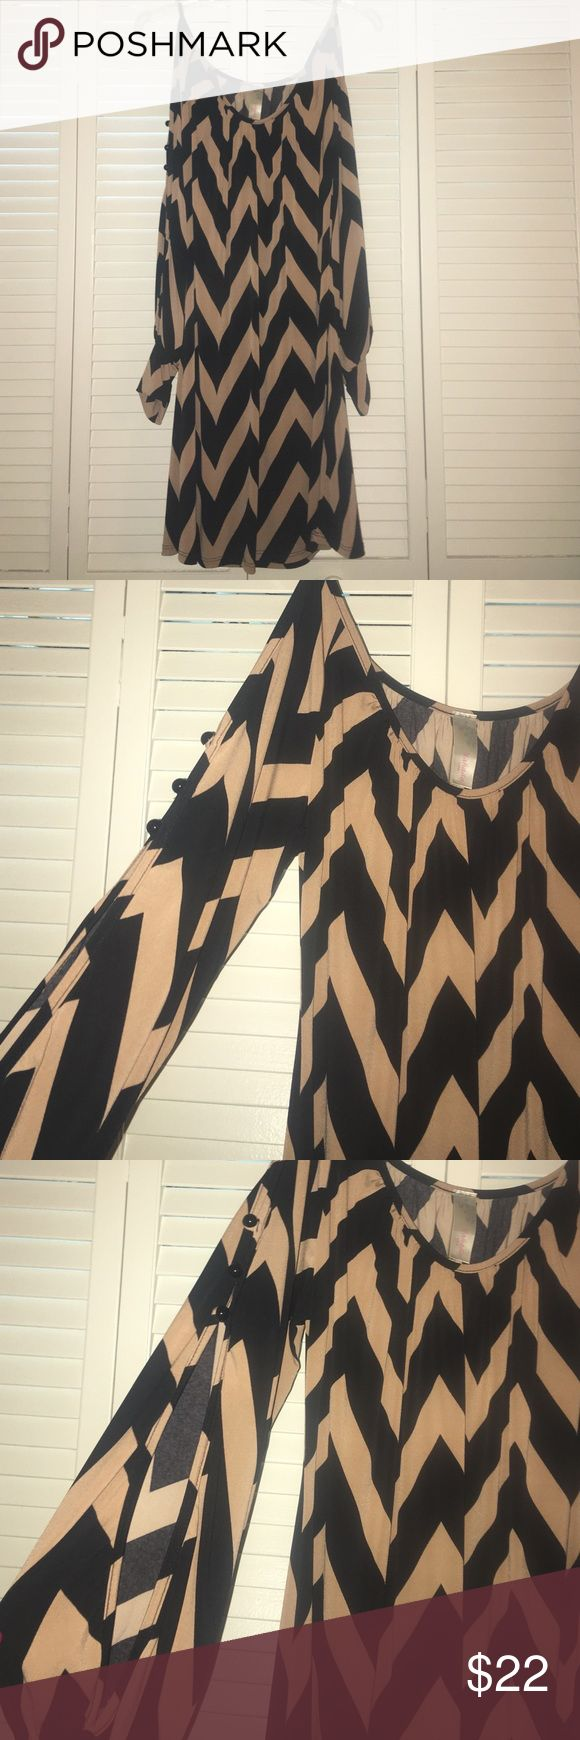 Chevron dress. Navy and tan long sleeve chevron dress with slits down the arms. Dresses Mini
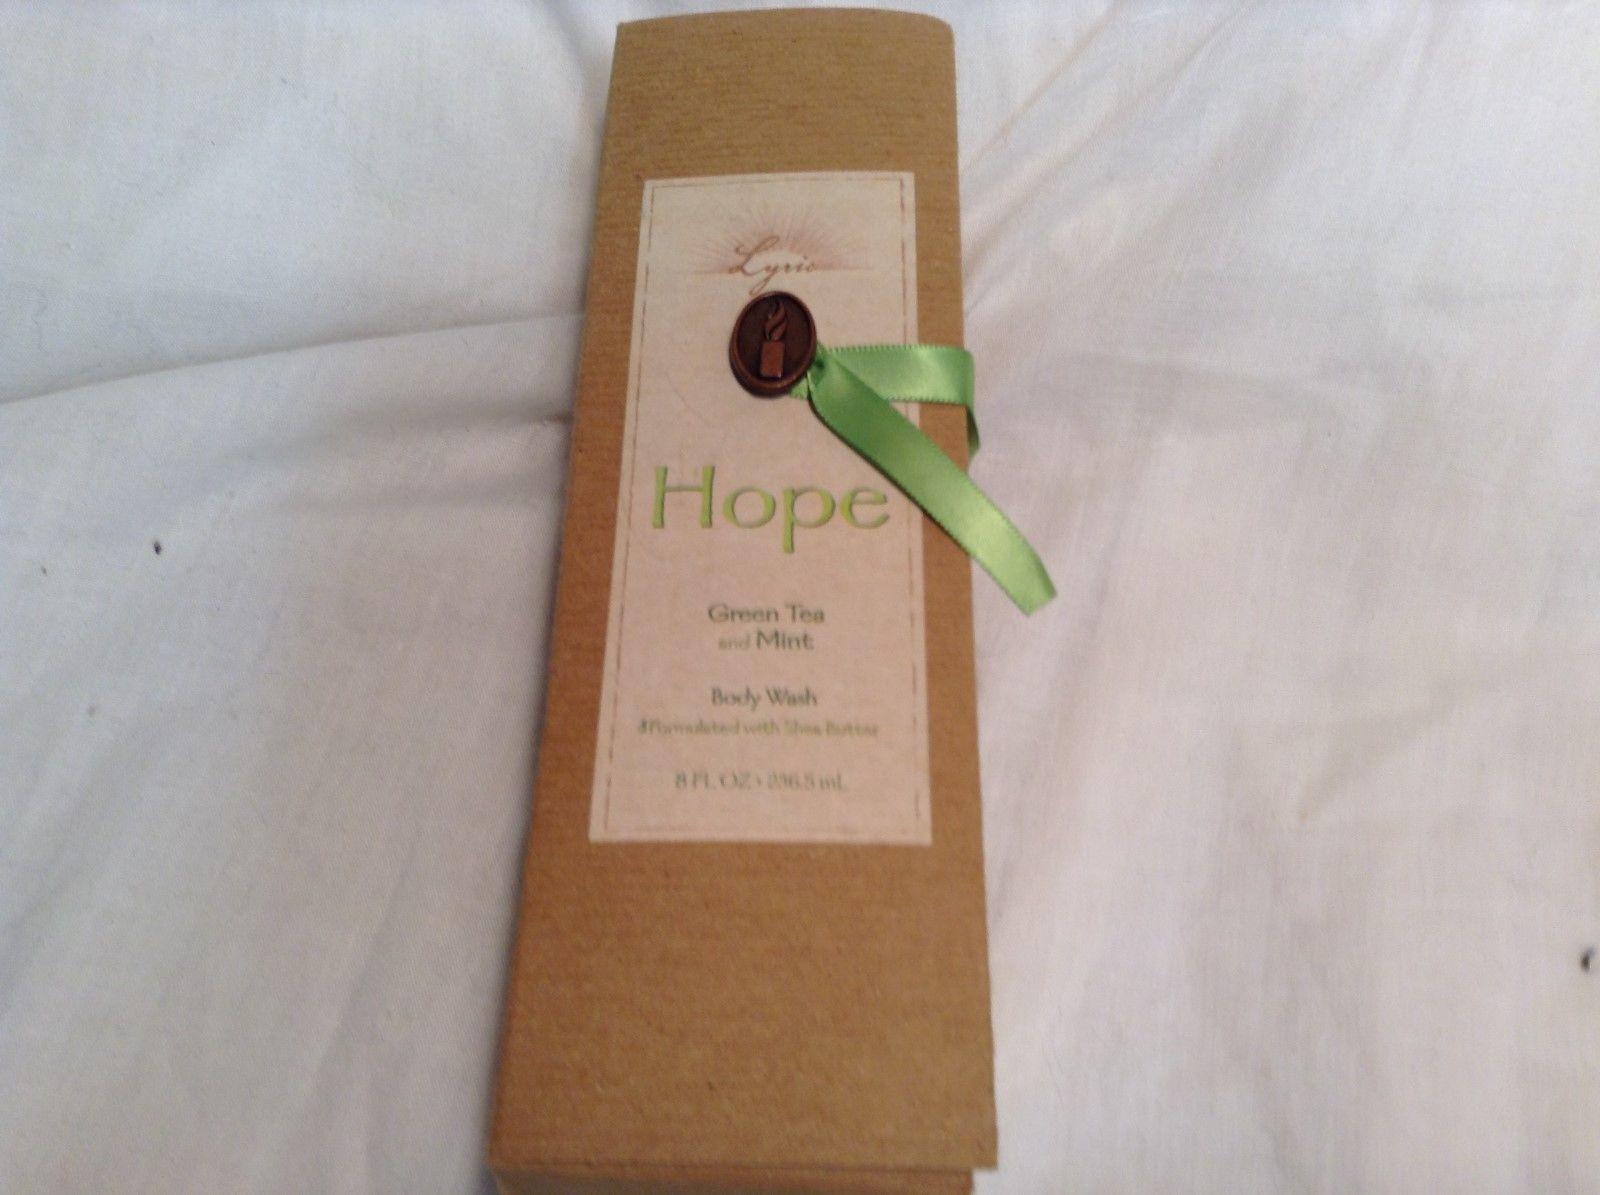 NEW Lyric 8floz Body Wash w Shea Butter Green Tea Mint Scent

- - - - - - -

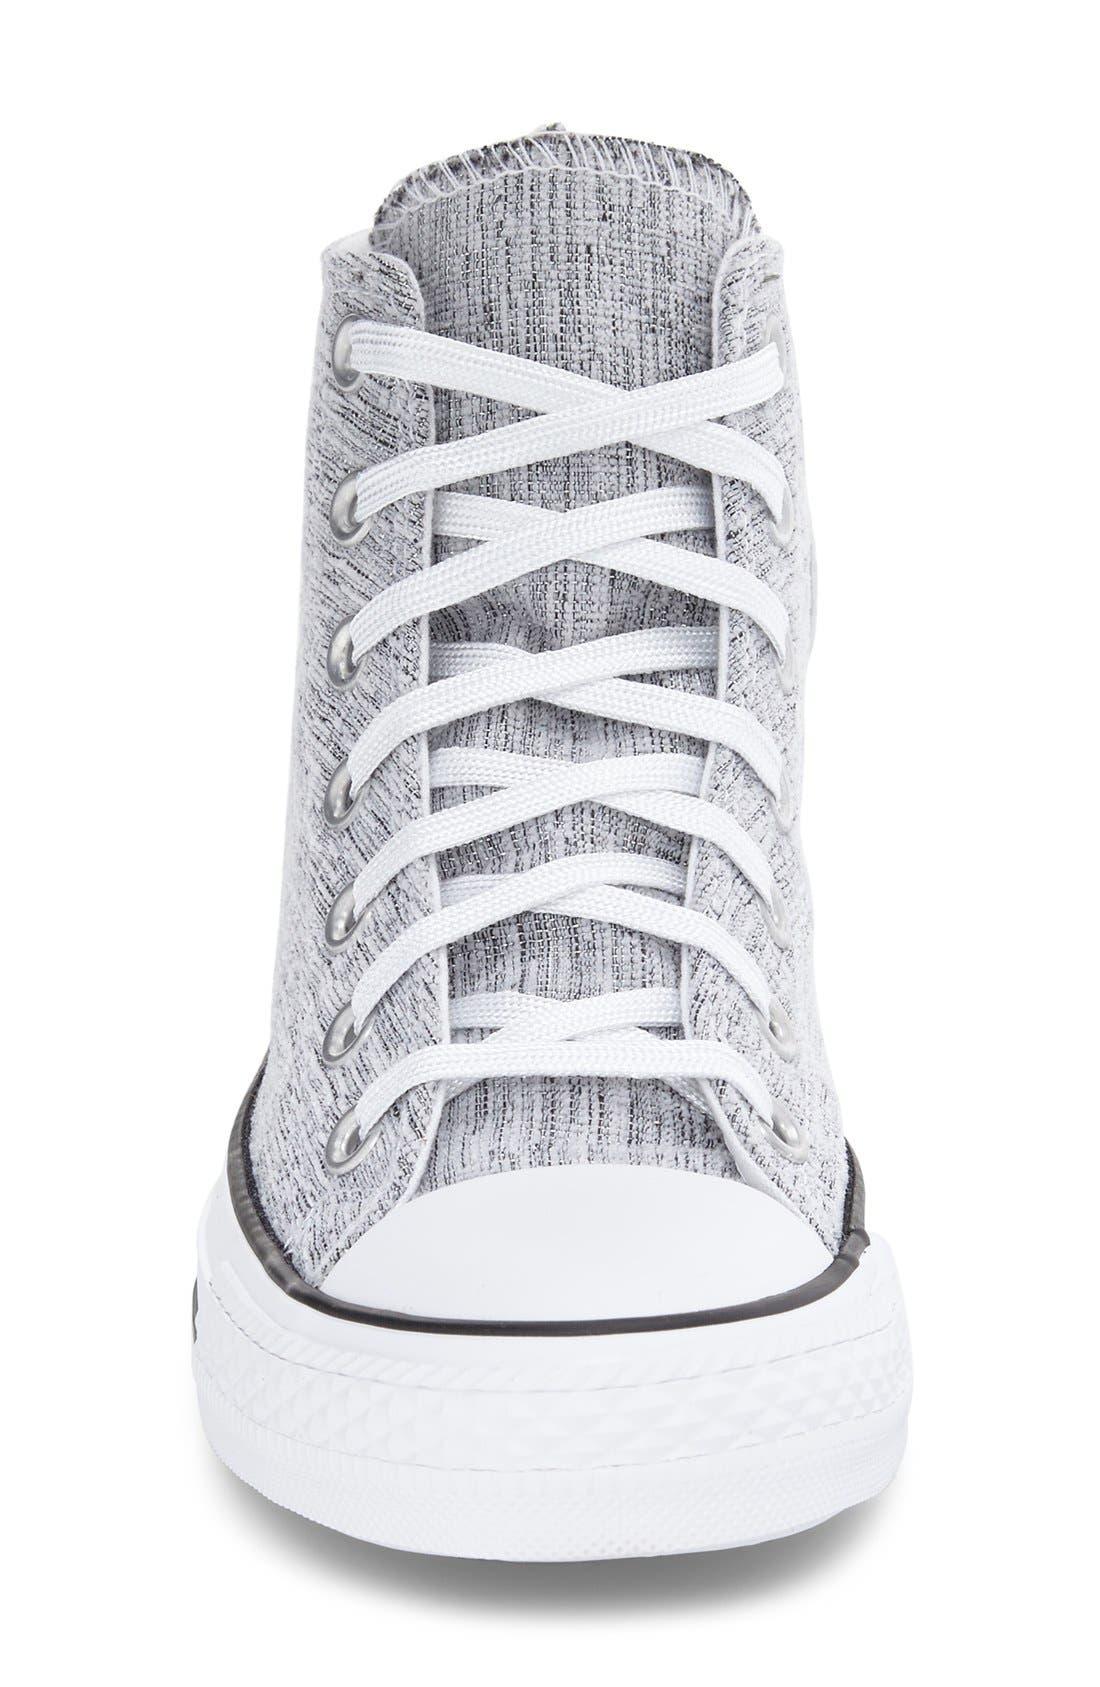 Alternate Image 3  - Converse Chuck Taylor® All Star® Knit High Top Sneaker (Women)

- - - - - - -

Your objective:
Your reply should consist solely of the lines above from the line containing "Chevron dress. Navy" up to and including the line containing "NEW Lyric 8floz", reproduced exactly, minus the pictures.

Reply:
 Chevron dress. Navy and tan long sleeve chevron dress with slits down the arms. Dresses Mini
 NEW Lyric 8floz Body Wash w Shea Butter Green Tea Mint Scent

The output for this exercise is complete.